The confirmation of faith


Here's the photo I didn't manage to take after last week's Confirmation. The Vicar of St. Cuthbert's, Benfieldside with Frank Barnes and Dorothy Dover, both newly-confirmed by the Rt. Revd. Tom Wright, Bishop of Durham.

In the Rite of Confirmation, the individual Christian affirms his or her faith, and the Bishop confirms it in prayer with Christ's people. So the individual and the corporate come together. I believe, but as part of a greater whole.

Sunday's Gospel reading took us to the example of faith we find in the woman who pressed through the crowd to touch the hem of Jesus' cloak and to find healing - and the challenge to faith we find in the death of Jairus's daughter. I preached on them, and you can find the homily here. I found it worth quoting from the challenge to faith which the late Cardinal Basil Hume found in his enounter with starvation in Ethiopia - and with one individual in particular. They're his words, reproduced in the week's issue of "The Tablet:"


“This small boy came up to me and gripped my hand. With his other hand he pointed to his mouth. That was his way of telling me he was very hungry. I said to the interpreter: ‘Tell the little boy that I’ve come here to go home and make certain that food is sent to him.’ He went on doing this, but he also got hold of my hand and rubbed it against his cheek.
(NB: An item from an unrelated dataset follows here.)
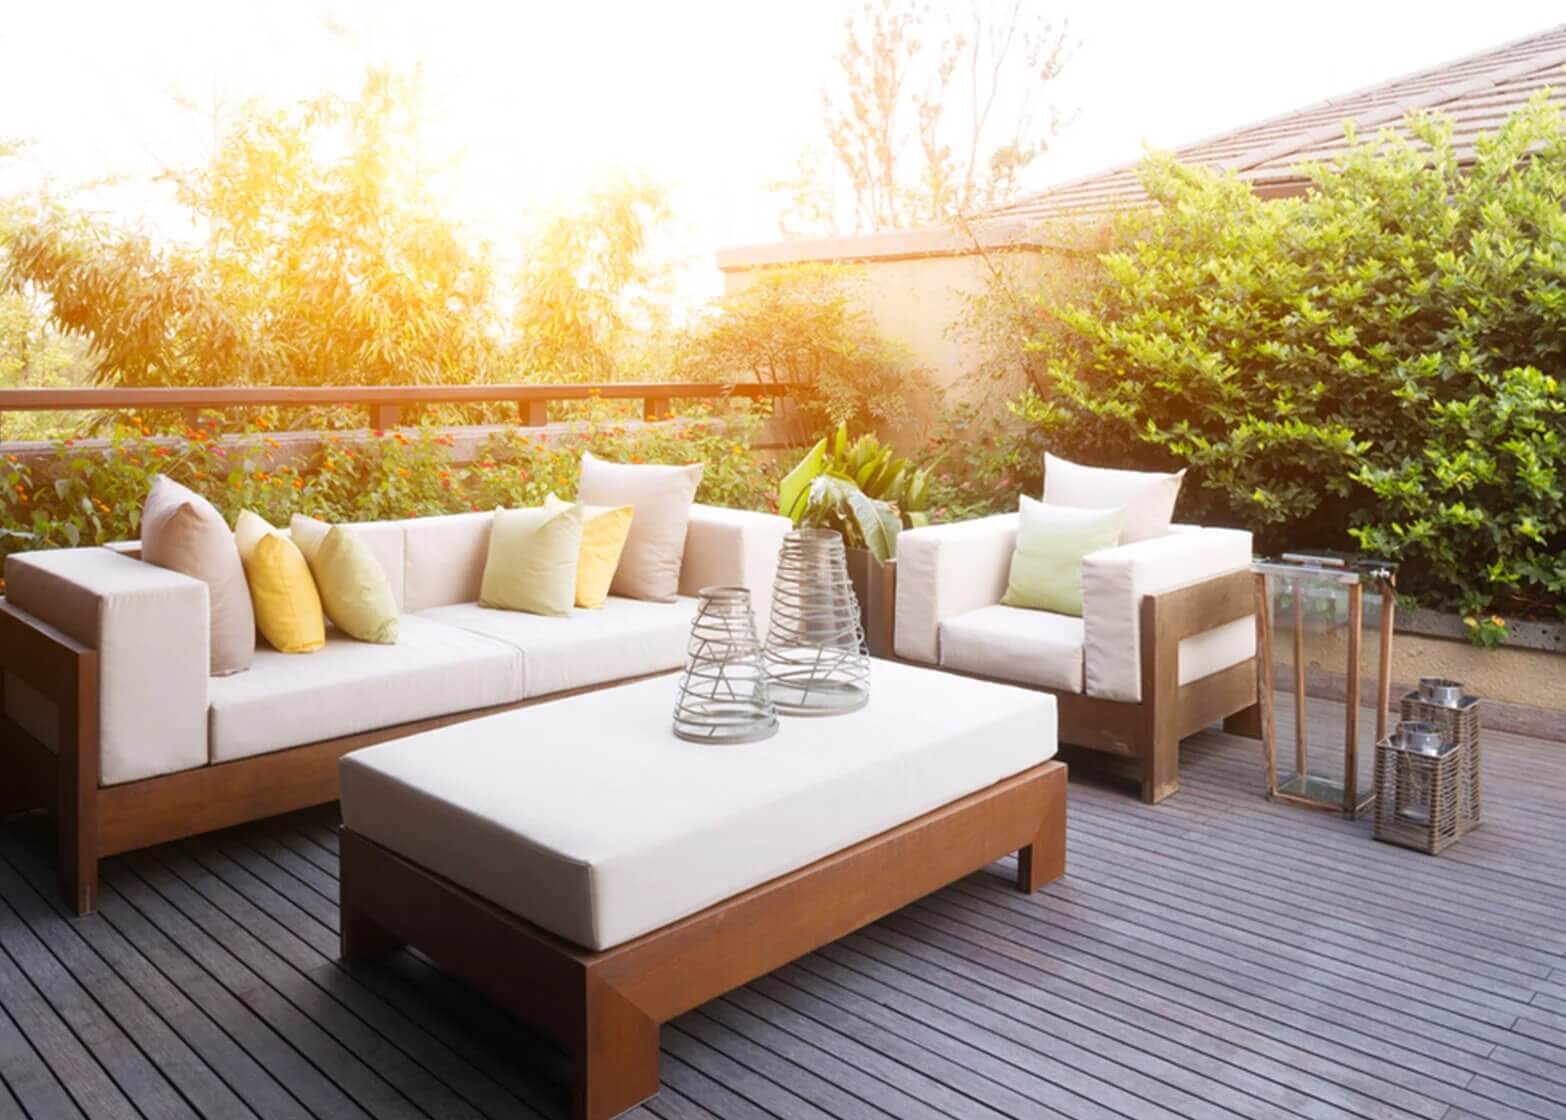 Soft outdoor seating on decking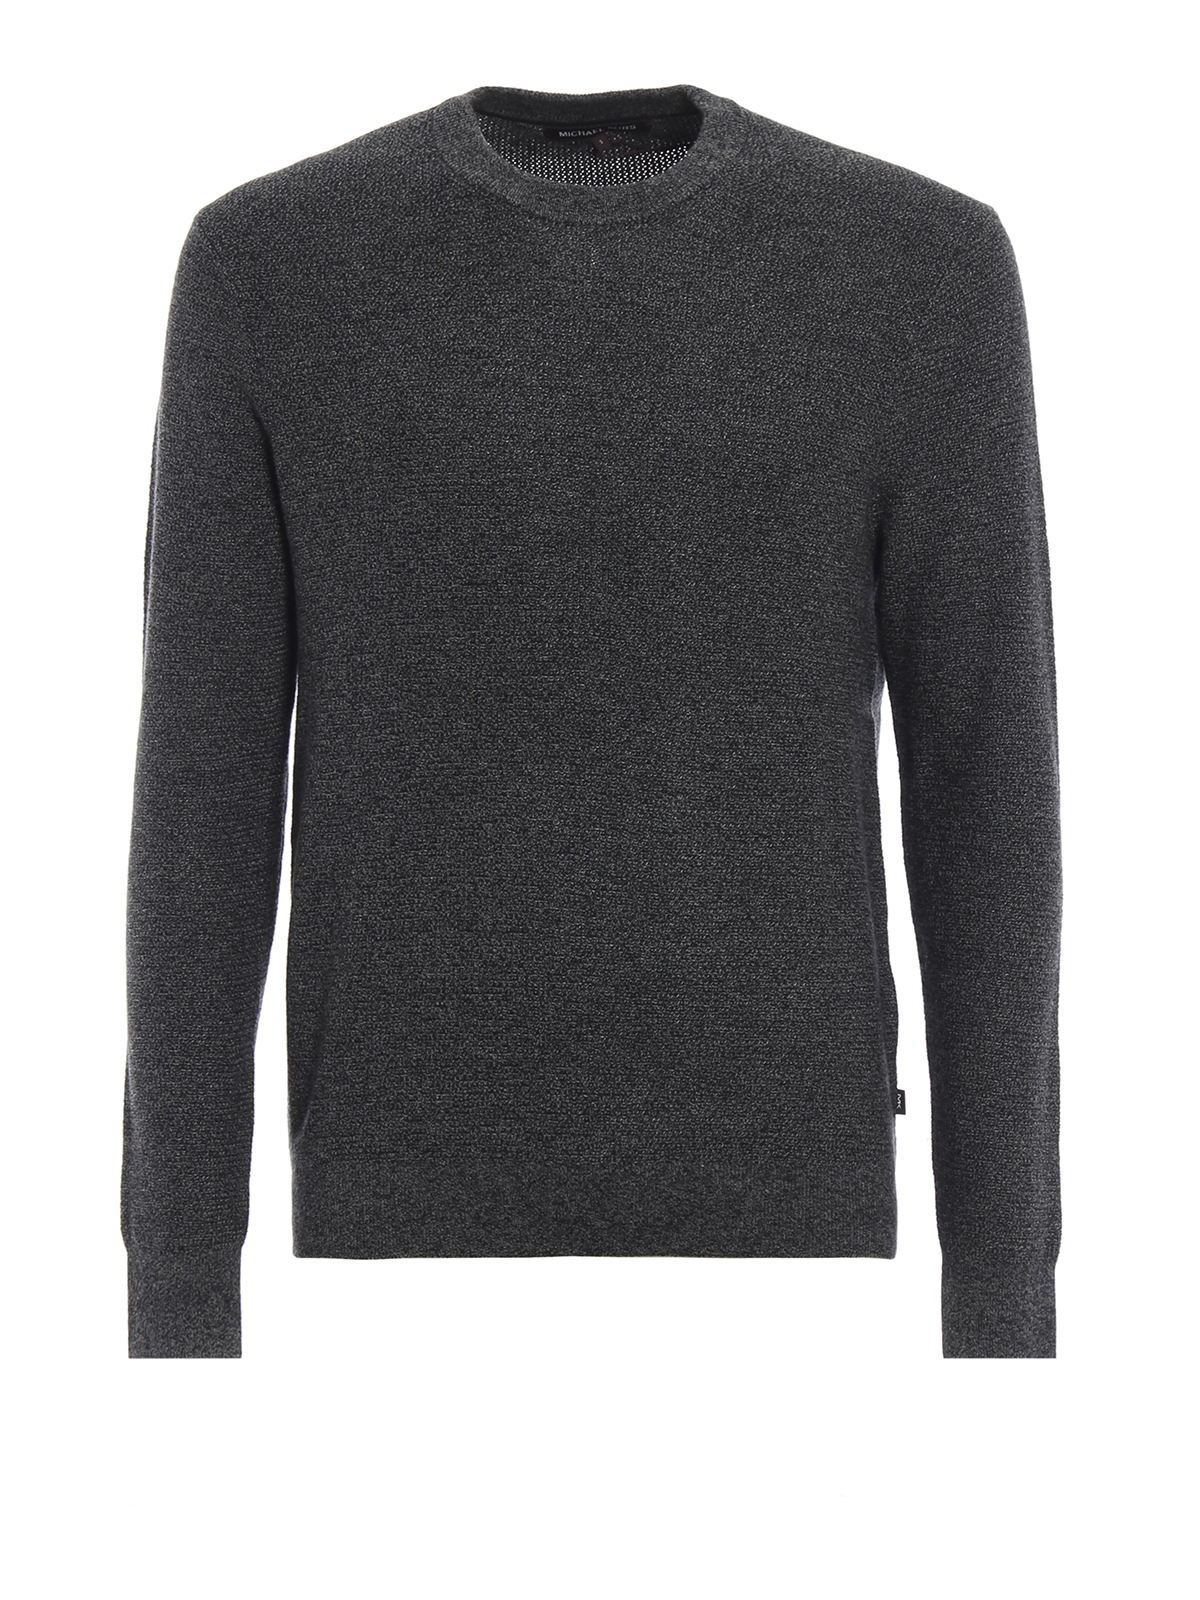 Michael Kors Ash Grey Soft Cotton And Wool Sweater In Gray

I couldn’t understand that, but for the whole hour I was in that camp that little boy wouldn’t let go of my hand, and from time to time rubbed it on his cheek. He was very, very hungry … I remember speaking with that boy and asking him through the interpreter: ‘Why are you looking so sad?’ and he answered very simply in his own language: ‘I am hungry.’ I could see in that face the suffering Christ, and I realised just what a terrible scourge physical hunger is. But also there was an echo from the Cross which Our Lord spoke when he said: ‘I thirst’, and how he thirsts for us and wants us… Then, when the visit was ended and I had to go elsewhere, the little boy stood – I can see him now – feet astride, his hands on his waist, and looked at me almost with reproach. I could see in his face, ‘Why are you leaving me behind?’ I felt awful because there was no way I could take that little boy and bring him back to England.

“I realised that when you’re lost and are very hungry, and you are abandoned, you have a craving for two things: for food and for drink and for love … It was the next day when I was celebrating Mass that I understood as I’ve never understood before, the secret of Holy Communion. Our Lord, realising how much we need love, how much we need to be fed by him, had this marvellous way of doing it: by giving himself to us. When I visited Ethiopia … I saw clearly how when people are abandoned and dying of hunger they crave for love and for life … I have never forgotten that incident and to this day wonder whether that child is still alive. I remember when I boarded the helicopter he stood and looked reproachfully. An abandoned, starving 10-year-old child … A little boy who taught me in a wonderful way something very important about going to Holy Communion. I have often wondered since what happened to him.”